**What the task asks:** Repeat the whole listing below precisely. Omit all pictures.

**Stored data:**
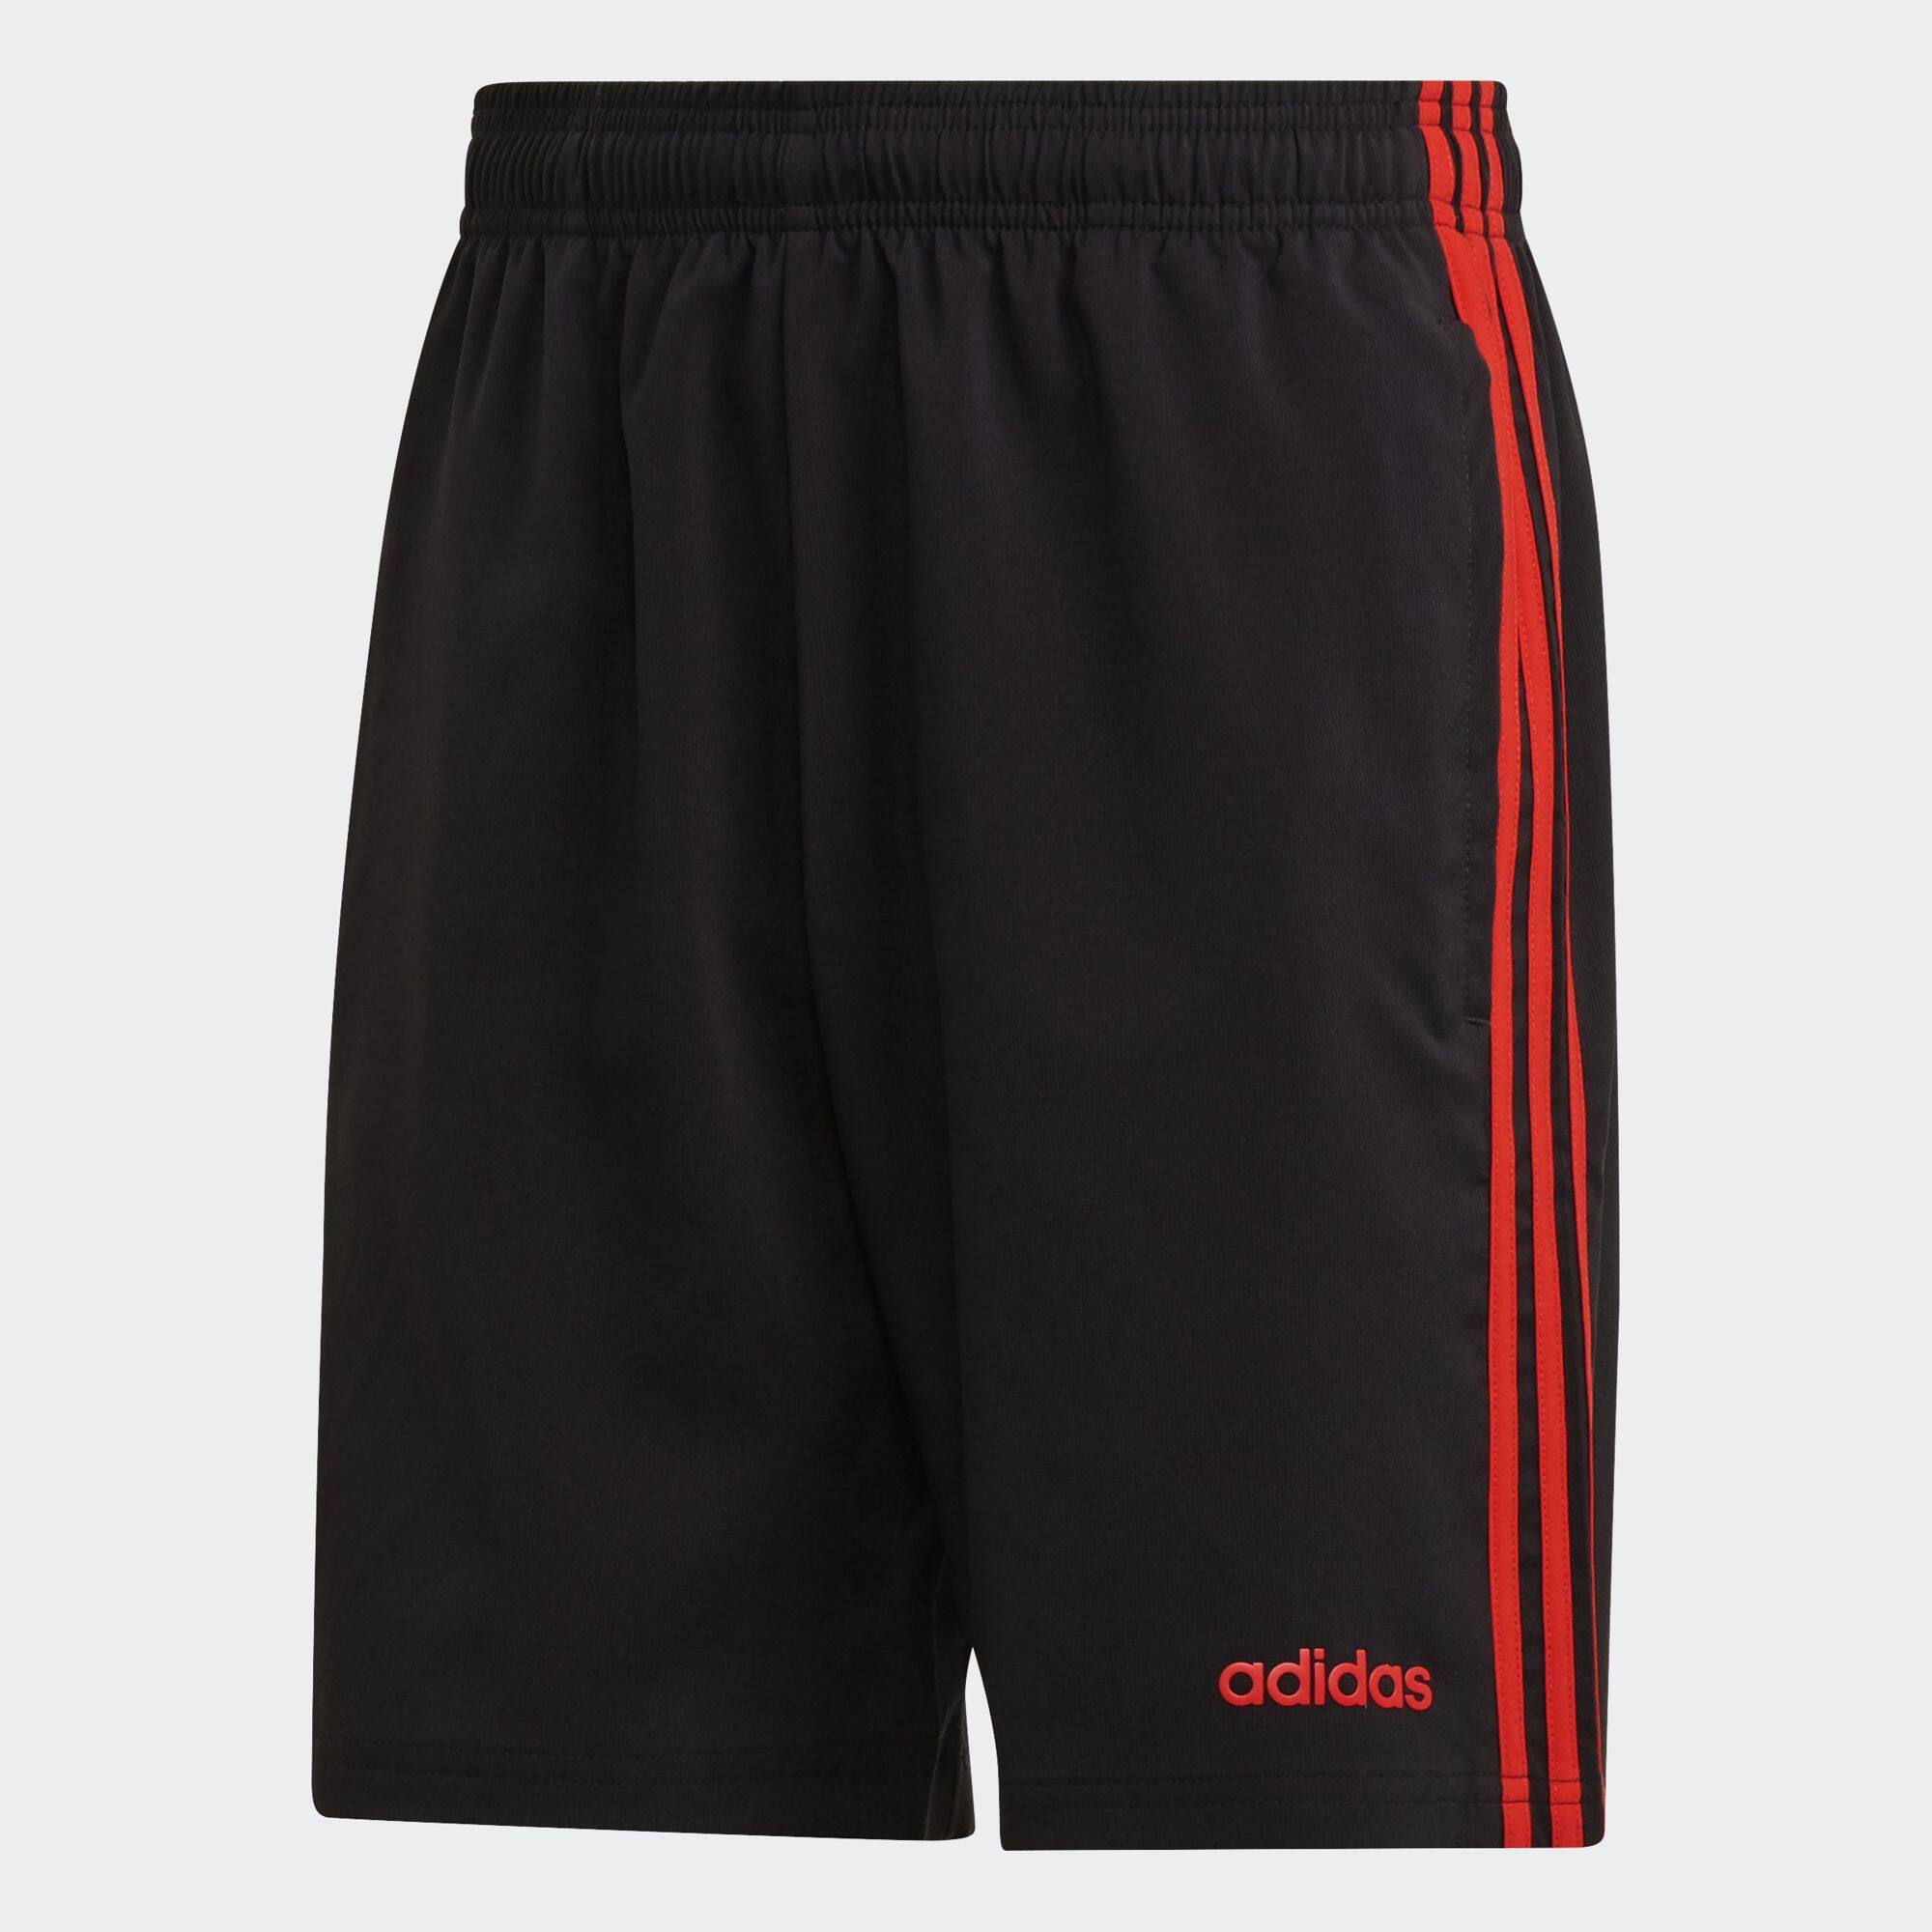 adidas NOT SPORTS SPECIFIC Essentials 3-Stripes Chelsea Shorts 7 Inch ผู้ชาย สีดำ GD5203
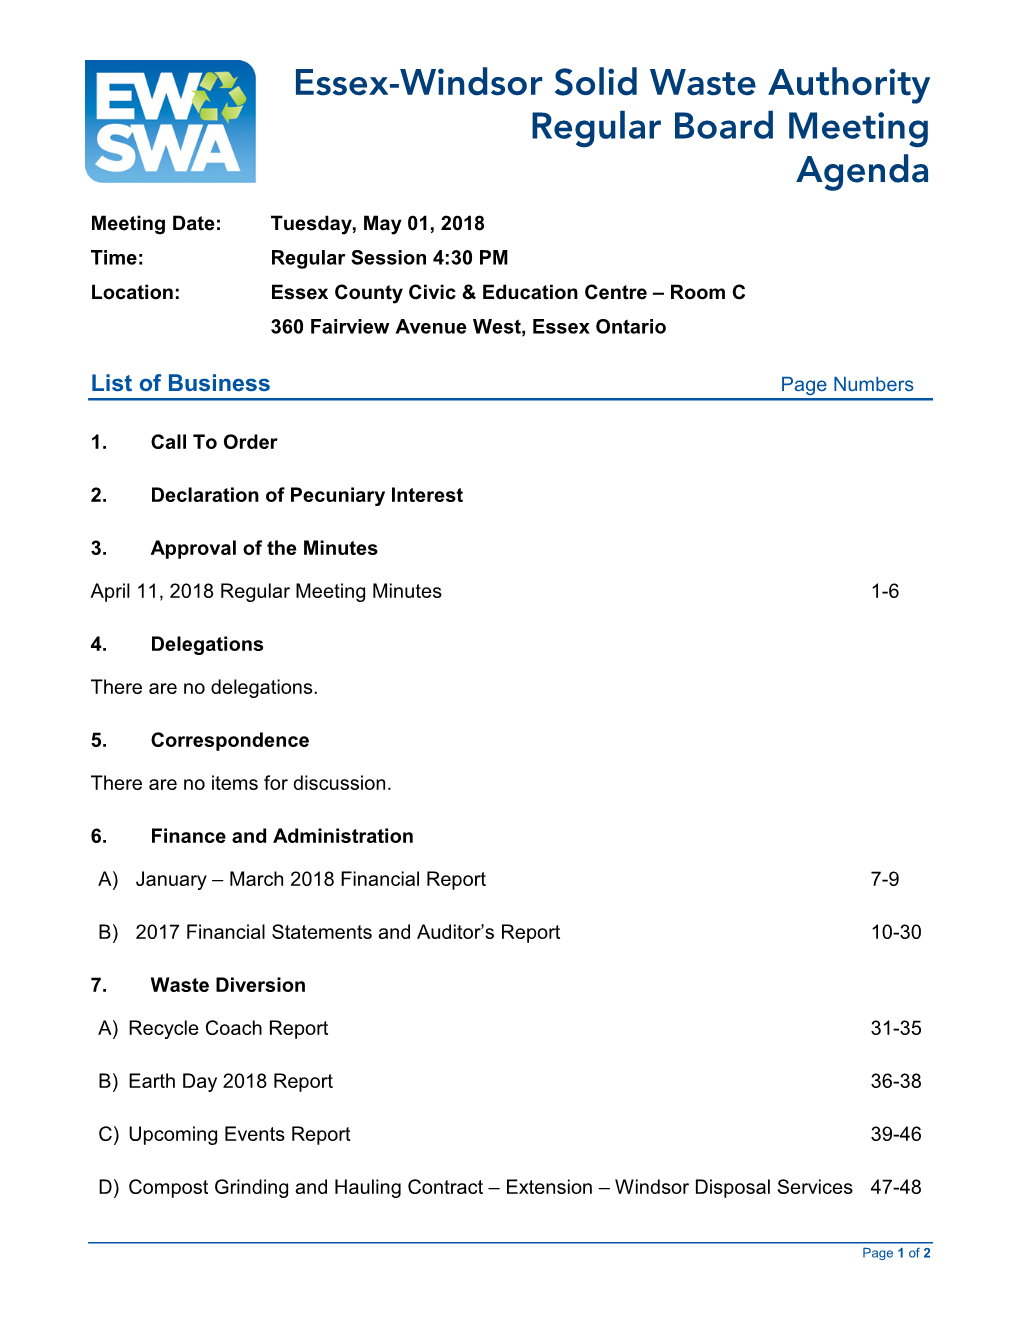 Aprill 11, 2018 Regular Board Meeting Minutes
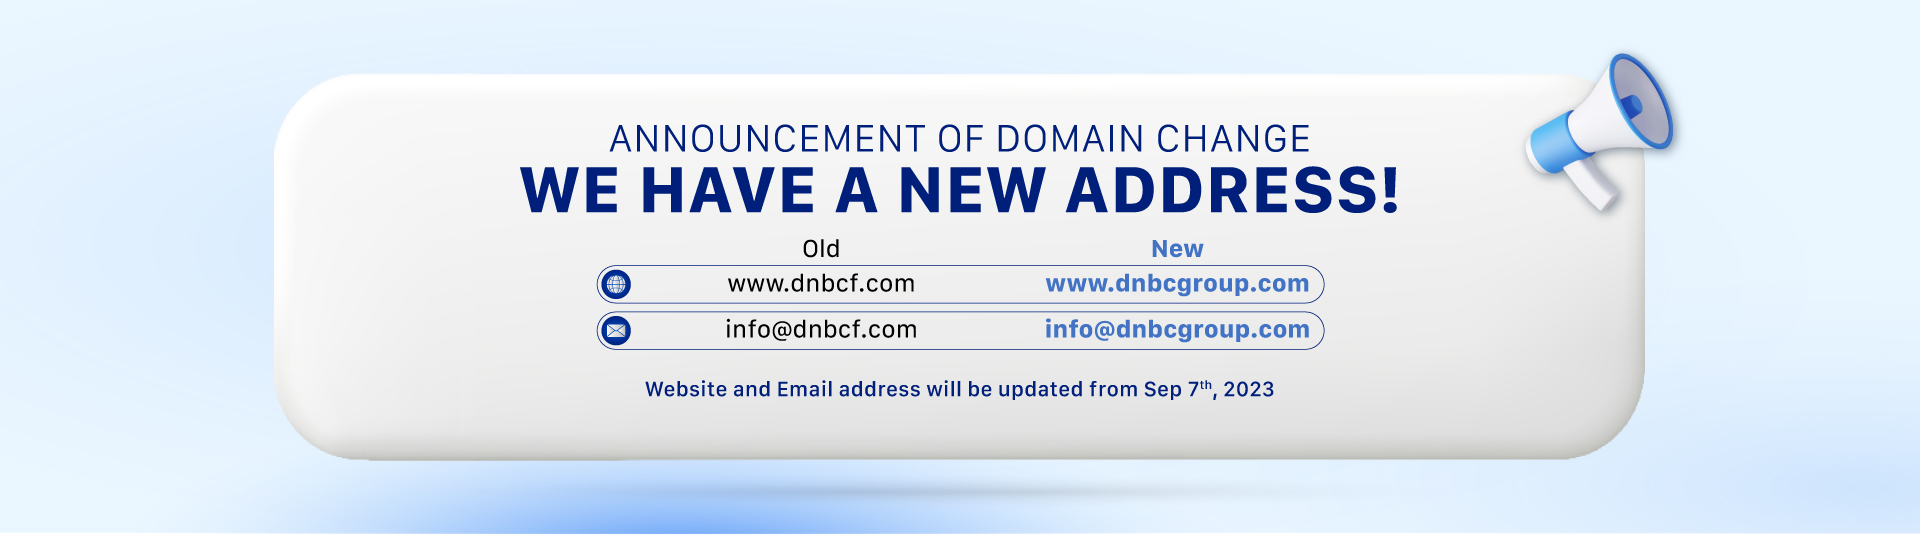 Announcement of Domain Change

**Response to the task:**
 adidas NOT SPORTS SPECIFIC Essentials 3-Stripes Chelsea Shorts 7 Inch ผู้ชาย สีดำ GD5203
 Aprill 11, 2018 Regular Board Meeting Minutes
 Announcement of Domain Change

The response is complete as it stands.